[cups.general] Alternative way to find no. of pages inside PDF?

Sun Jun 15 08:02:08 PDT 2008

On Sun, Jun 15, 2008 at 07:12:05AM -0700, Kurt Pfeifle wrote:
> > 
> > What about using pkpgcounter from www.pykota.com ?
> 
> Unfortunately this is ruled out... (for the same reason xpdf/pdfinfo
> cannot be used: space limitations on an old Solaris box; also, AFAIU,
> pkpgcounter would require a nearly full-blown installation of a rather
> current Python package).

You can probably rewrite this in Perl, Bash (grep ?) or whatever
if you want. The code is available from 
http://trac.pykota.com/browser/pkpgcounter/trunk/pkpgpdls/pdf.py
from lines 50 to 107.

The code first splits the PDF document into small PDF objects,
but this part is not really needed if you only want the number
of pages. I had something else in mind when writing this, that
I never took the time to achieve, so this can probably be removed
easily.

What you are interested in are lines 100-107, especially line 100
which contains the (Python) regular expression :

        r"(/Type)\s?(/Page)[/>\s]"

You simply have to count how many times this regular expression 
occurs in the PDF file, minus the times you find the string "<</Type 
/Page>>" (empty ages which are not rendered).

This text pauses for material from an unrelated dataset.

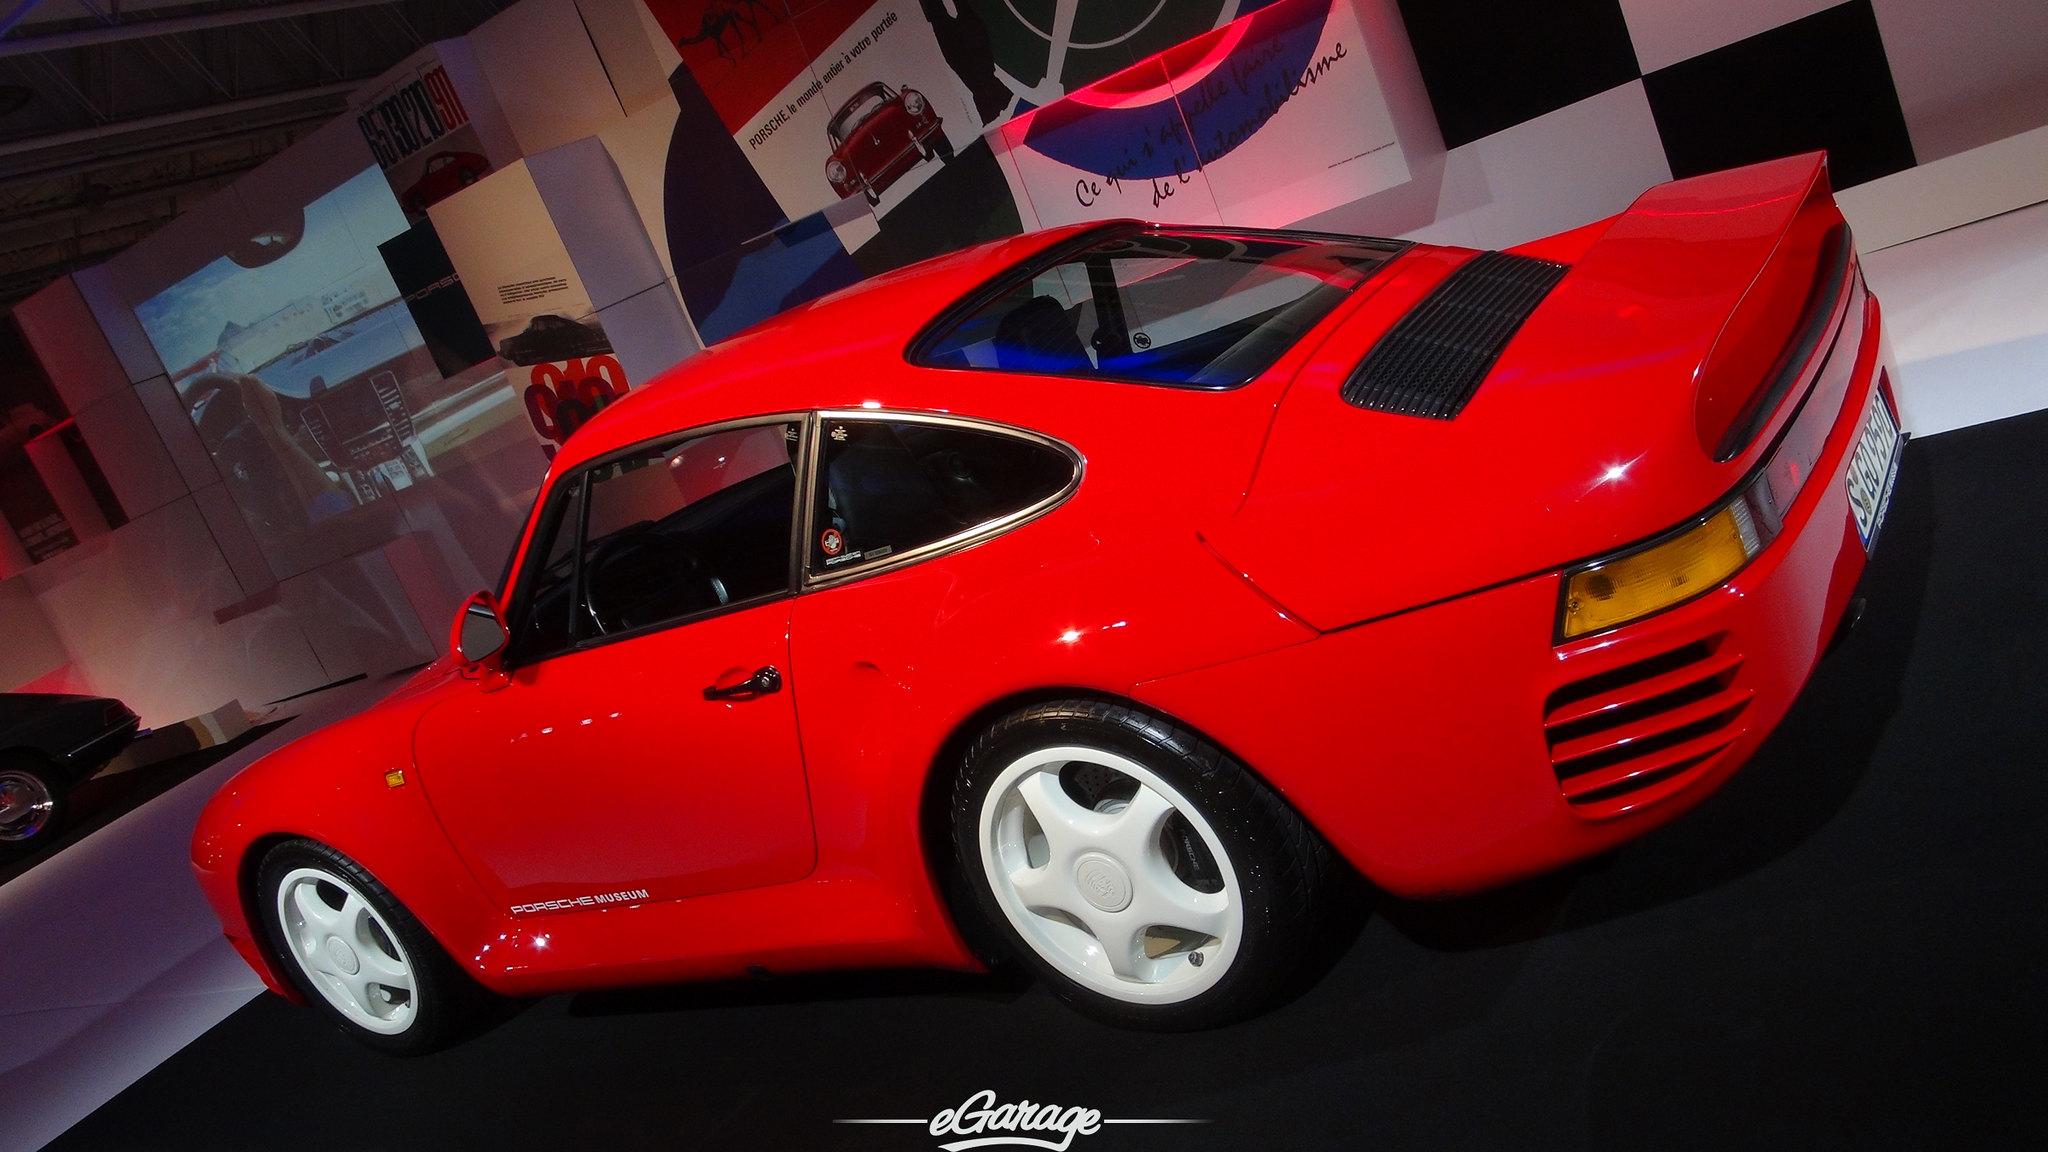 8037670326 91d1ce5662 k 2012 Paris Motor Show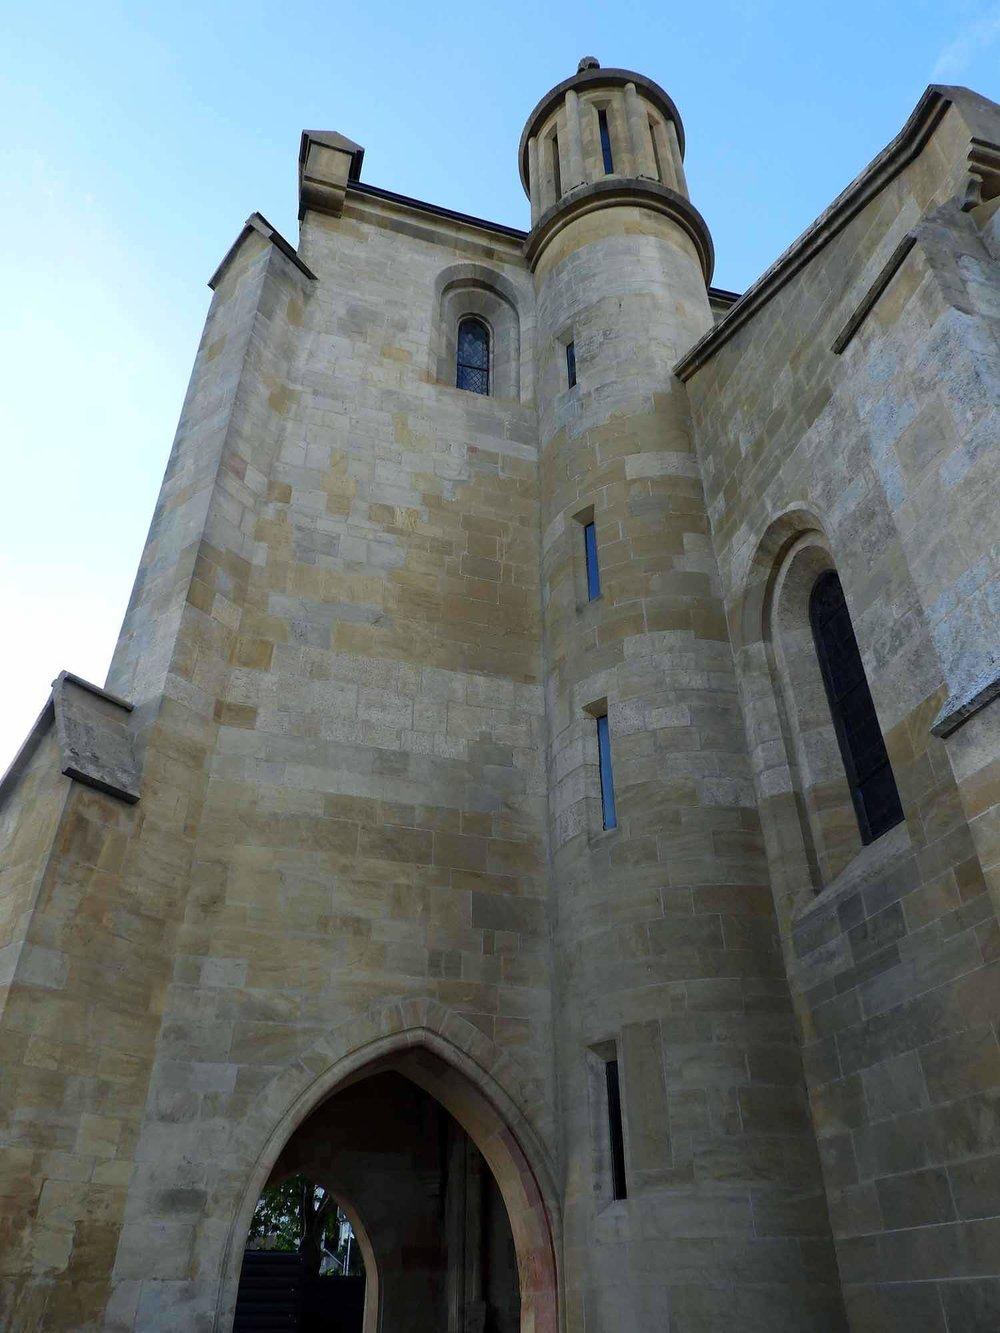 switzerland-neuchatel-collégiale-reformed-church-tower.JPG

A smaller Python program doing counting PDF pages from stdin is below :

--- CUT ---
#! /usr/bin/env python
import sys
import re

newpageregexp = re.compile(r"(/Type)\s?(/Page)[/>\s]", re.I)
datas = sys.stdin.read()
print len(newpageregexp.findall(datas)) - datas.count("<</Type /Page>>")
--- CUT ---

It's even 4 times faster than pkpgcounter, and probably works with
all releases of Python since 1.5.x

Feel free to rewrite this in any language already present on your Sun
box, and this should solve your problem.

NB : maybe some checks should be added for safety, like ensuring 
size is >= 1 and the like... 

bye

Jerome Alet